After this I get another dhcp request & reply as above.

For me it looks like after the second request & reply I loose my IPv6 connection. But this is something I try to check (take more time to validate)

missing233 commented 3 weeks ago

@cre8ivejp @JesusArmy have you checked wan6 status after removing the forced renew crontab command? I recently removed the command, and wan6 hasn't lost connection since (it's been connected for over a day now). maybe NTT has fixed their dhcpv6 server?

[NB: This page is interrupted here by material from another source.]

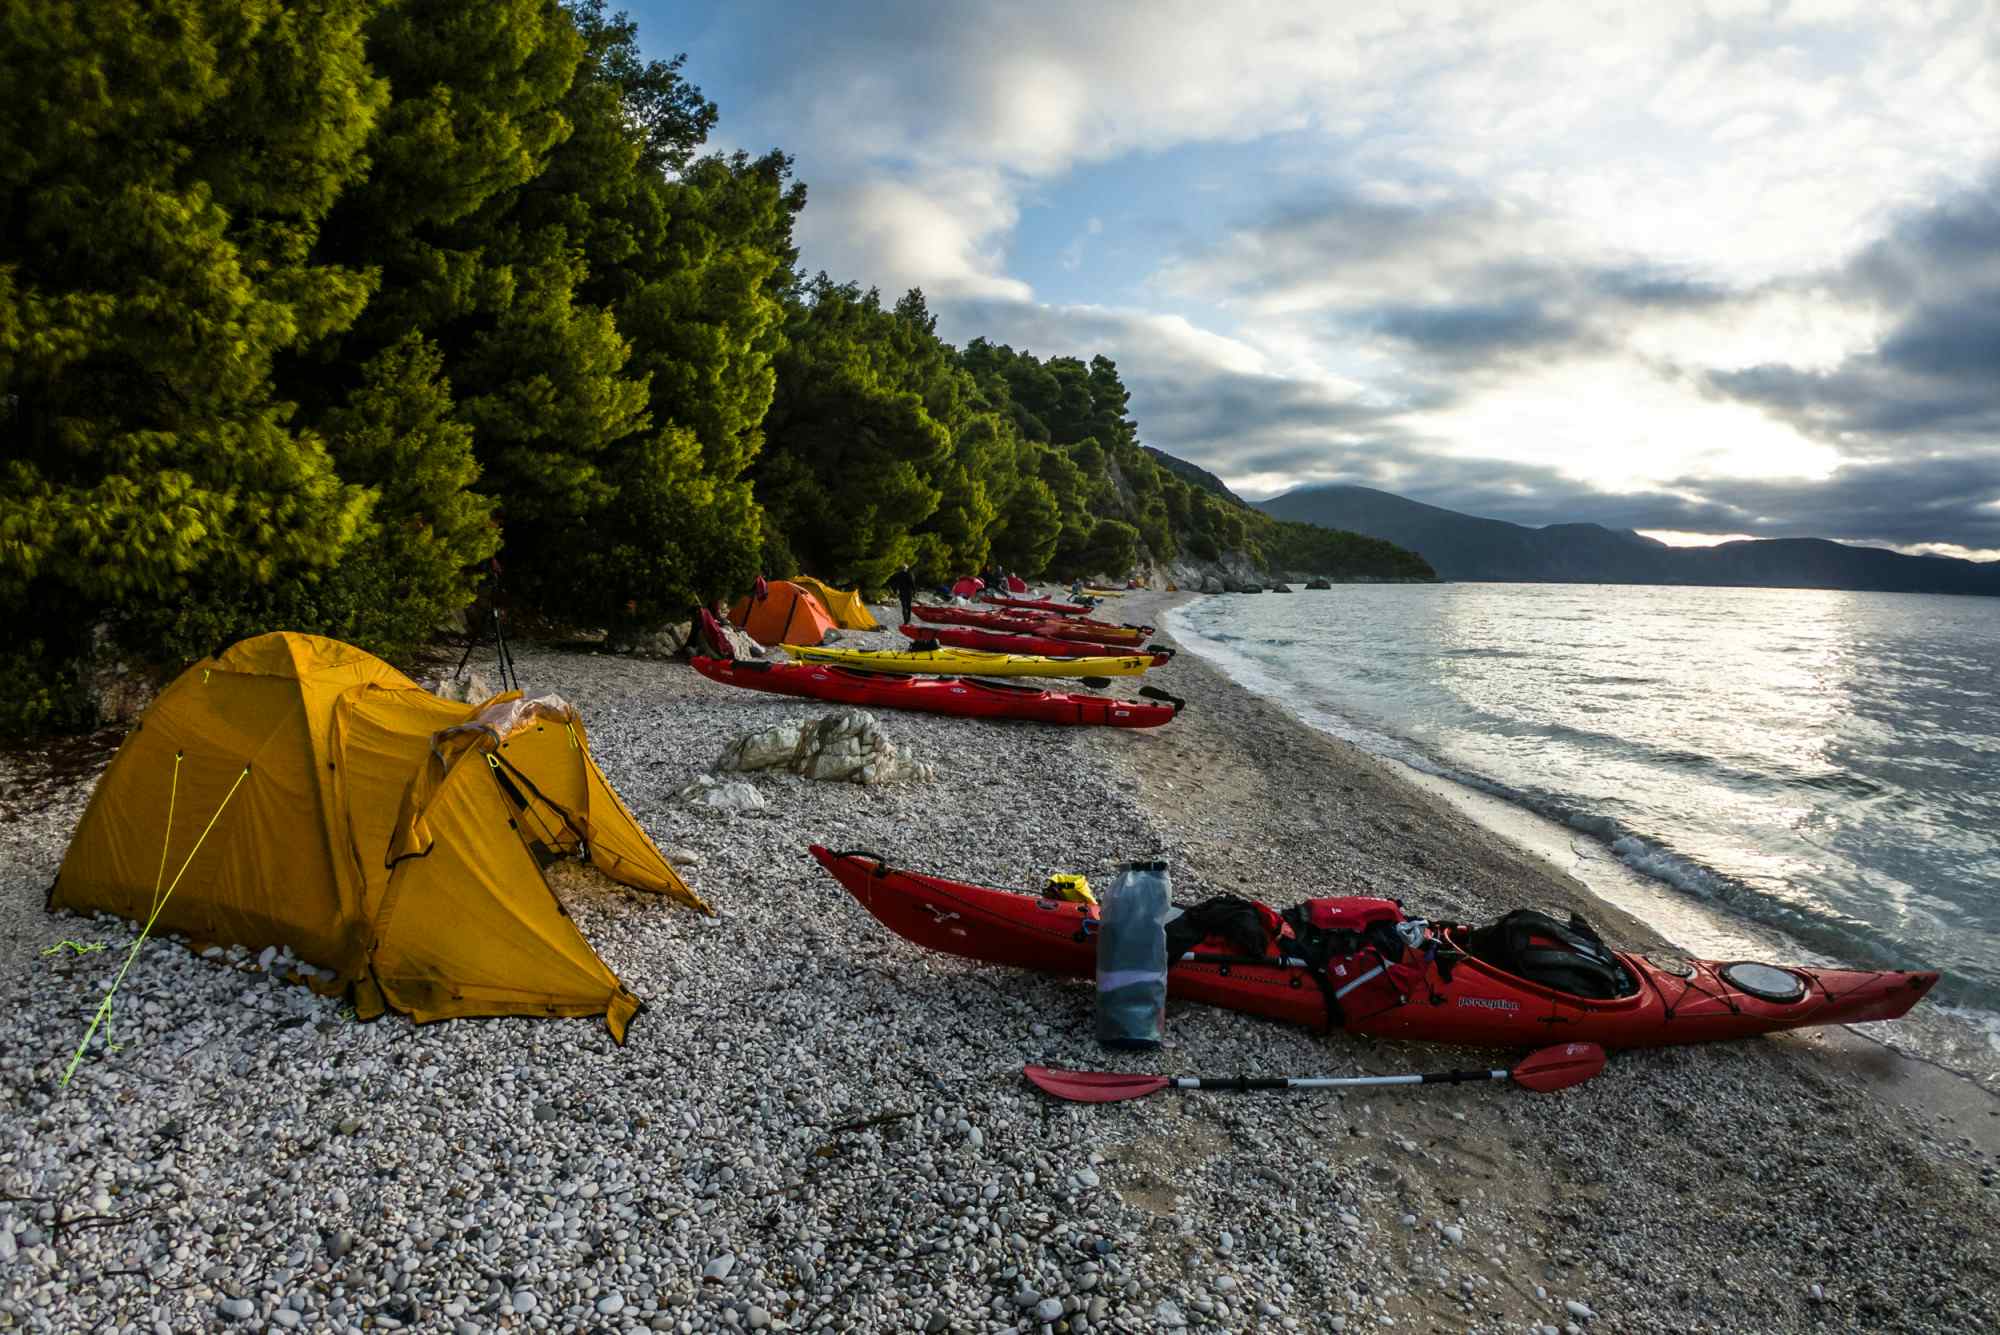 Wild beach camp with kayaks in the Ionian islands, Greece.

BombardierBeetle commented 2 weeks ago

Im using odhcp6c in NTT env(フレッツ光クロス), but due to the above problem, I was running renew(SIGUSR1) via crontab It has been about 24 hours since I deleted crontab, but the problem does not seem to occur

As missing233 said, it's possible that NTT has fixed something.